A number of studies have examined other examples of GPCR heterodimerization both in vitro and in vivo, including those summarized in Table 1. Although it is fascinating to examine the physical association of two GPCRs, the potential functionality of that interaction remains the more pertinent question.
3. Functional Consequences of GPCR Dimerization
When examining the interaction between two receptors, potential changes in receptor behavior can include changes in pharmacology, signaling and trafficking. Figure 3 summarizes some of the functional consequences of heterodimerization outlined here.
3.1. Changes in Pharmacology
GPCR heterodimerization can lead to changes in a cognate receptor's ability to signal upon ligand binding. Given our previous definition of an allosteric modulator (an entity that binds a receptor at a site other than the orthosteric site thereby changing the properties of that receptor), then GPCRs can also serve as allosteric modulators of one another. In the specific examples detailed below, coexpression of a second receptor, R2, changes the properties of the first receptor, R1, thereby altering the response to R1's cognate ligand. Thus, R2 is an allosteric modulator of R1 (Figure 3).
The interaction of the family of Gαi-coupled OPRs is a classical example of GPCR heterodimerization leading to changes in pharmacology. It has been shown that κOPR heterodimerizes with δOPR but not μOPR . Although the κOPR/ δOPR heterodimer does not exhibit altered selectivity for either receptor's specific agonist or antagonist, the heterodimer can bind partial agonists for either receptor with increased affinity (Figure 3A). Heterodimerization of these two OPRs also leads to enhanced agonism in the presence of both ligands; addition of the δOPR agonist DPDPE in the continued presence of the κOPR agonist U69563 increases binding affinity and receptor activation (Figure 3C). This synergy is also seen in the presence of both receptor's antagonists, suggesting the presentation of a novel ligand binding pocket in the heterodimer . This κOPR/ δOPR heterodimer was later found to exist in vivo because the ligand 6′GNTI, an agonist that has tissue-specific analgesic effects, selectively targets the heterodimer; in contrast, this ligand is able to target the κOPR expressed singly at a very low efficacy and targets δOPR expressed singly not at all .

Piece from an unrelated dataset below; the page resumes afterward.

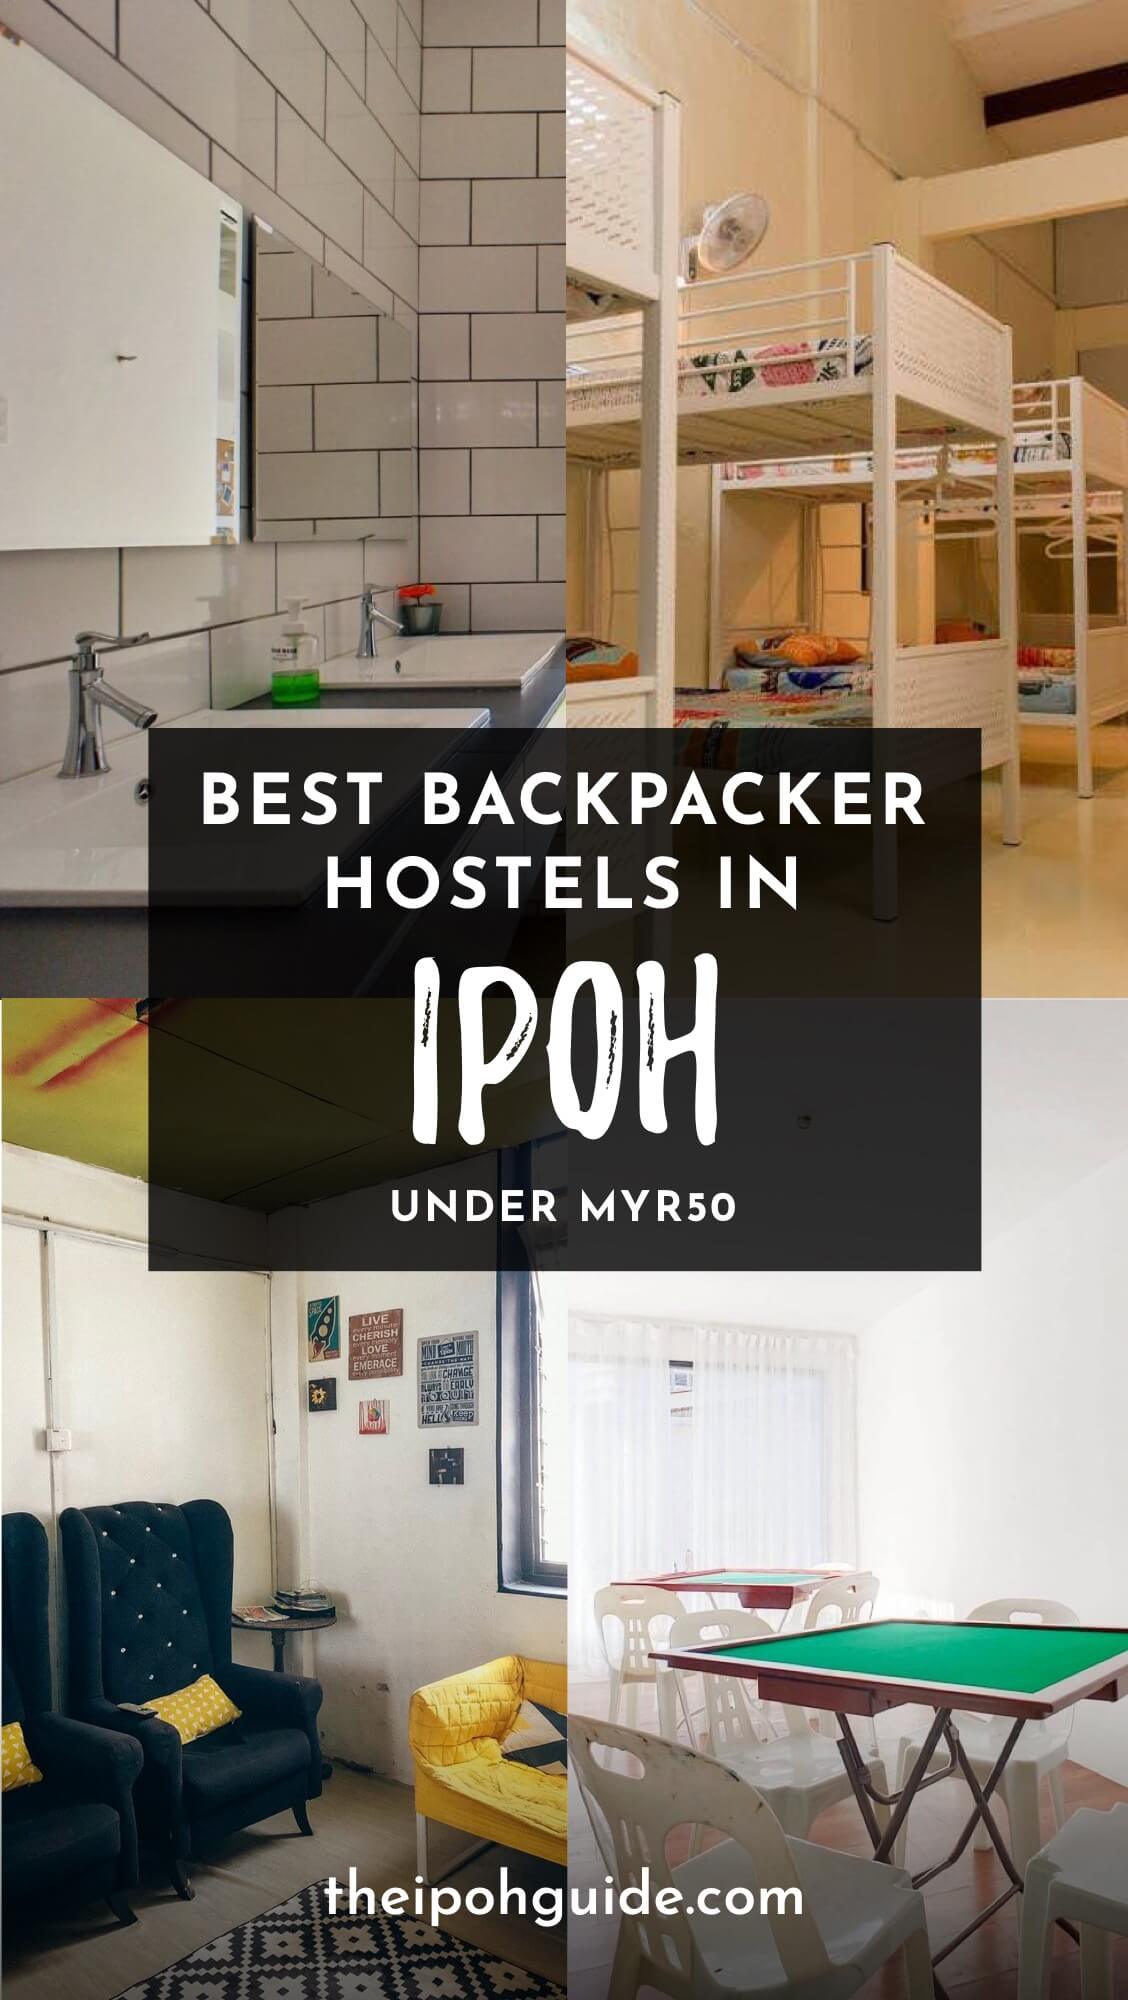 Backpacker Hostels in Ipoh

One GPCR in a heterodimer also can have an effect on the other receptor's cognate signaling pathways. The α2A-AR and μOPR, both Gαi coupled receptors, when coexpressed in HEK cells were shown to heterodimerize by FRET measurements. Formation of the heterodimer enhances μOPR signaling when stimulated with morphine only, but simultaneous addition of an α2A-AR agonist greatly decreased the μOPR signaling response, thus representing both a change in pharmacology and in signaling (Figure 3B). In the inverse experiments, there was also a dampening of norepinephrine-mediated G protein activation in the continuing presence of morphine, but not to the same extent .
Given the aforementioned example of α2A-AR and μOPR heterodimers, it is now clear that heterodimerization also can lead to transinhibition of either R1 or R2 upon addition of antagonist against one of the two receptors (Figure 3E). The Gi-coupled chemokine receptors CCR2 and CXCR4 heterodimerize, and are well studied because of their role in Human Immunodeficiency Virus (HIV) entry into cells and in other inflammatory diseases (CCR2 is expressed on the surface of T lymphocytes and is involved in the recruitment of monocytes to atherosclerotic lesions). Antagonists against either CCR2 or CXCR4 transinhibit the other receptor, preventing binding of chemokines to the opposite receptor in both leukocytes and heterologous cell lines. The CCR2/CCR5 heterodimer also exhibits the same transinhibition .
3.3. Altered Trafficking
Heterodimerization also can alter trafficking of either receptor compared to when they are expressed singly. For example, when coexpressed in HEK293 cells, V1a and V2 vasopressin receptors can heterodimerize. Although both receptors associate with β-arrestin, V1aR when singly expressed rapidly dissociates from β-arrestin in order to be rapidly recycled to the plasma membrane whereas V2R singly expressed remains stably associated with β-arrestin, thereby accumulating intracellularly. The V1aR/V2R heterodimer followed the V2R endocytic/recycling pattern when stimulated with a nonselective agonist. Selective agonism of the V1aR led to the co-endocytosis of the V2R, suggesting that the heterodimer is influenced by the activated receptor (Figure 3D) . Similarly, cotransfection of β2AR, a Gαs coupled receptor, and δOPR, a Gαi coupled receptor, in CHO and HEK cells led to heterodimerization. The heterodimer underwent both isoproterenol-mediated and opioid-mediated endocytosis (Figure 3D). Interestingly, the δOPR/ β2AR heterodimer did not exhibit any changes in ligand selectivity compared to each cognate receptor . As mentioned previously, α1B-AR and α1D-AR also heterodimerize; not only does this interaction change ligand binding characteristics as discussed above, but co-expression of α1D-AR greatly increases the trafficking of α1B-AR to the cell surface. Without α1D-AR present, only negligible amounts of α1B-AR are expressed at the cell surface .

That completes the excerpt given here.